PROBLEM STATEMENT -
Return exactly the lines below, starting with the one that has "(COMIC1☆4) [ZINZIN] At" and going on through the one that has "Plantings in the".

*** Opening of INPUT FOR THIS TASK ***

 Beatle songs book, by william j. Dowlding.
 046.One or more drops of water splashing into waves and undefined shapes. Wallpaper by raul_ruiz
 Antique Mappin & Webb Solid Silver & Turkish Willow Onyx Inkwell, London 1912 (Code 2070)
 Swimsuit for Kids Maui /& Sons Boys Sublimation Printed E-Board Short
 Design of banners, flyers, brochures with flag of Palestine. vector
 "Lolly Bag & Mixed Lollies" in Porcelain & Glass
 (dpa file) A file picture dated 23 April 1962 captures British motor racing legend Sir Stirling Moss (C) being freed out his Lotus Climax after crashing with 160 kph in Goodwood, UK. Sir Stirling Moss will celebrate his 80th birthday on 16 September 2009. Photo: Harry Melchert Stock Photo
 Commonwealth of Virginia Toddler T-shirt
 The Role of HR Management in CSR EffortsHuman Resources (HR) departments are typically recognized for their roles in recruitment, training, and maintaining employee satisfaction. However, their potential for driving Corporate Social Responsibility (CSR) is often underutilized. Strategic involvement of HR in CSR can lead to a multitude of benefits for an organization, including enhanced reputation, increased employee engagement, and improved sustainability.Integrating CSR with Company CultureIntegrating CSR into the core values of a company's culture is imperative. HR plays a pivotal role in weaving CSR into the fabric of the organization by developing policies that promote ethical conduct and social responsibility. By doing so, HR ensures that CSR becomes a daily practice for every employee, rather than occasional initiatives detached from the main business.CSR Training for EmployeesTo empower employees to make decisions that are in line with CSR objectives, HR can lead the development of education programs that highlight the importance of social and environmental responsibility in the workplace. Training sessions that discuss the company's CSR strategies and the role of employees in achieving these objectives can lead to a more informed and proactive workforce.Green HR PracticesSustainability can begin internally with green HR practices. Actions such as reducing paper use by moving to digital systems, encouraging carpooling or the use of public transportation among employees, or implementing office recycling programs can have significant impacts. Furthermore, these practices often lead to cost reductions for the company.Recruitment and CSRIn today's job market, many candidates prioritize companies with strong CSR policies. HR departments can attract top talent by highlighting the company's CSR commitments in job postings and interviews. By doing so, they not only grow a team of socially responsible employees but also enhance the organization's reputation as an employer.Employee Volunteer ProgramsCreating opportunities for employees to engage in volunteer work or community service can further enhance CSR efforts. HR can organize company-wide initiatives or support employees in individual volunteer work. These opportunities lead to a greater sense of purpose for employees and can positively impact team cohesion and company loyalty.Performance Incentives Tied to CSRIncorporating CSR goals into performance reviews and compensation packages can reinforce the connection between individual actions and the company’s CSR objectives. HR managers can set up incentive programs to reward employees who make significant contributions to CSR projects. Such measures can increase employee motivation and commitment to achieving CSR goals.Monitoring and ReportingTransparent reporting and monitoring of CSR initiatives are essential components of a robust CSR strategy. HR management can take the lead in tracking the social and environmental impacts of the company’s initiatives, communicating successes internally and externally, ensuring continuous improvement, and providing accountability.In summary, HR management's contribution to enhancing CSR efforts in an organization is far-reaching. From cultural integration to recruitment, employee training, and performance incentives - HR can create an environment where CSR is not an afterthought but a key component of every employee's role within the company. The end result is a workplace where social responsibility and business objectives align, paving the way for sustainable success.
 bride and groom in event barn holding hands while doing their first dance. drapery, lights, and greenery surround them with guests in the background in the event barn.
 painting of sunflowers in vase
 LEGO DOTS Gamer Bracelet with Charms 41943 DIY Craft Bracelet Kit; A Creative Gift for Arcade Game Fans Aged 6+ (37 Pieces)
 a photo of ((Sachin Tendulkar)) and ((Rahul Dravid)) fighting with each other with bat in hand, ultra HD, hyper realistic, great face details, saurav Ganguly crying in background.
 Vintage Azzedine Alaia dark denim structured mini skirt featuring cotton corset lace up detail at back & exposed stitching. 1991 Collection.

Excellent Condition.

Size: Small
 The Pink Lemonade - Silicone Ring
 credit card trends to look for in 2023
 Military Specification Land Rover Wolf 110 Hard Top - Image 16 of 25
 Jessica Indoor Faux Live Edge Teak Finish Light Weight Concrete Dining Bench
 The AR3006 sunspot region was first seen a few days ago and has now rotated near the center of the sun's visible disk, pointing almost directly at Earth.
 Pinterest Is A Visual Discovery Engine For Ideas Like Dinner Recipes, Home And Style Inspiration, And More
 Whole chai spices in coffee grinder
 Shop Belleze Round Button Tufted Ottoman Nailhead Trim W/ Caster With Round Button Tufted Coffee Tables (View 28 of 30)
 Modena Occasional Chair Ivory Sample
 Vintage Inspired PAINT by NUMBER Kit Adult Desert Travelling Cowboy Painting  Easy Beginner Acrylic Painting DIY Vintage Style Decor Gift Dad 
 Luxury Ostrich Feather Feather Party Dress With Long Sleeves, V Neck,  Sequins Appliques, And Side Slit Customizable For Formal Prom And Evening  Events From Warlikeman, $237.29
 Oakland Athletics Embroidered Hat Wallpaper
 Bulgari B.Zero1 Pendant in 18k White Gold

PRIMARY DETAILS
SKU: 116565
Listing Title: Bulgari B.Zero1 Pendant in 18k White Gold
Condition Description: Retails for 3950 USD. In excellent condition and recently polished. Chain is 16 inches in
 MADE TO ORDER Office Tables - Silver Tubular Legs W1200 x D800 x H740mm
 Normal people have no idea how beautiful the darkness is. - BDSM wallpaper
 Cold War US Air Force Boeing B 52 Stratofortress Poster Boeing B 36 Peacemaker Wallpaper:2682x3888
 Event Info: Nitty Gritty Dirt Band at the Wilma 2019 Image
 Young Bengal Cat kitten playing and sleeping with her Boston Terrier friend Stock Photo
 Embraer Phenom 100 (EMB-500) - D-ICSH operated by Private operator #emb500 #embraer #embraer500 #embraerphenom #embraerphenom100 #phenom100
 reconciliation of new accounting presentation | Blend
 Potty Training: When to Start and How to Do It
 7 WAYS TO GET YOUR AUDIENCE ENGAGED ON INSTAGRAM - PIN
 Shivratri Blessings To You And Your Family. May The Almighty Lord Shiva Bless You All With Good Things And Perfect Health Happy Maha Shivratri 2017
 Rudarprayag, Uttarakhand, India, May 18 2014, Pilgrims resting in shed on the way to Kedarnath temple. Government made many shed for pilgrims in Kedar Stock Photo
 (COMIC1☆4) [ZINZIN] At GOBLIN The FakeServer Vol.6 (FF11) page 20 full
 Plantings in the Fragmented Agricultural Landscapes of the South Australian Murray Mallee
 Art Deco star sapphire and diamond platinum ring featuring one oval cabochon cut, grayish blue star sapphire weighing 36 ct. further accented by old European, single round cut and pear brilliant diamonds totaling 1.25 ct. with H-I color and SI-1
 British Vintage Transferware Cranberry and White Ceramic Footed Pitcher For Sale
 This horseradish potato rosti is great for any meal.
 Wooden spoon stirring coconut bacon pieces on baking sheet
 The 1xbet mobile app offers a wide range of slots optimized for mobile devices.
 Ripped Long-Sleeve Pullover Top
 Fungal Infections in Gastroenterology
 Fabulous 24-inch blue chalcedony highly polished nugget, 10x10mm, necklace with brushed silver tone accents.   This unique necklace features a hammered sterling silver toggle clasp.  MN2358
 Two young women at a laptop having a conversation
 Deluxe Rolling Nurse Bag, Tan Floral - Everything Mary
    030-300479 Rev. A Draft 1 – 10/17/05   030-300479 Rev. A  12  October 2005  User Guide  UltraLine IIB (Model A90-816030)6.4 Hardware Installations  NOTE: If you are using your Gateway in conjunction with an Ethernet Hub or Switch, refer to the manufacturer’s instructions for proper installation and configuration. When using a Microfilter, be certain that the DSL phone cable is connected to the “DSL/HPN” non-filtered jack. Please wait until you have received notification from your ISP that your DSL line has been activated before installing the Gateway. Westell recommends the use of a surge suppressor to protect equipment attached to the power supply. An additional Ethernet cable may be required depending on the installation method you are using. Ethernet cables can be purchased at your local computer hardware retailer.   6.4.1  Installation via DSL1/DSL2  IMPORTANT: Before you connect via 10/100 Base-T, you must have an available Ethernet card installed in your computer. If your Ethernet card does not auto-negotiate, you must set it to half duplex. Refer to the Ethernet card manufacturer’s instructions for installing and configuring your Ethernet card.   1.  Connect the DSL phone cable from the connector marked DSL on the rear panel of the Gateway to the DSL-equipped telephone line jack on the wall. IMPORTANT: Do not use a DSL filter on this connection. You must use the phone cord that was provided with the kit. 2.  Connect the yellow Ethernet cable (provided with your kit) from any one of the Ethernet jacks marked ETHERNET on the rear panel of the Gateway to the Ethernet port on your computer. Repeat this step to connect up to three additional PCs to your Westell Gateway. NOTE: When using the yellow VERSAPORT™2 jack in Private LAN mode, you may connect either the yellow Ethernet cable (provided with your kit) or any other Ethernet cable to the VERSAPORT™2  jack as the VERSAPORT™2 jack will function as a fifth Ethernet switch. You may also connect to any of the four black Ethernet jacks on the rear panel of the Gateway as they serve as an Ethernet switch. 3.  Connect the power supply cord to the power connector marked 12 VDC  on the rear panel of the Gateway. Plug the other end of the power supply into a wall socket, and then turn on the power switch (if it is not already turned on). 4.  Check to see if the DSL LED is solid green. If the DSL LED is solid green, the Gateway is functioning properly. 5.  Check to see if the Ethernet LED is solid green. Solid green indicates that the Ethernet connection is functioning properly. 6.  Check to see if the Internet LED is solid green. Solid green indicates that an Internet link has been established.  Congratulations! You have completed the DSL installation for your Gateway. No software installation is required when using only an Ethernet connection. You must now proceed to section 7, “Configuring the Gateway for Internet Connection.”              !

*** Close of INPUT FOR THIS TASK ***

RESPONSE -
 (COMIC1☆4) [ZINZIN] At GOBLIN The FakeServer Vol.6 (FF11) page 20 full
 Plantings in the Fragmented Agricultural Landscapes of the South Australian Murray Mallee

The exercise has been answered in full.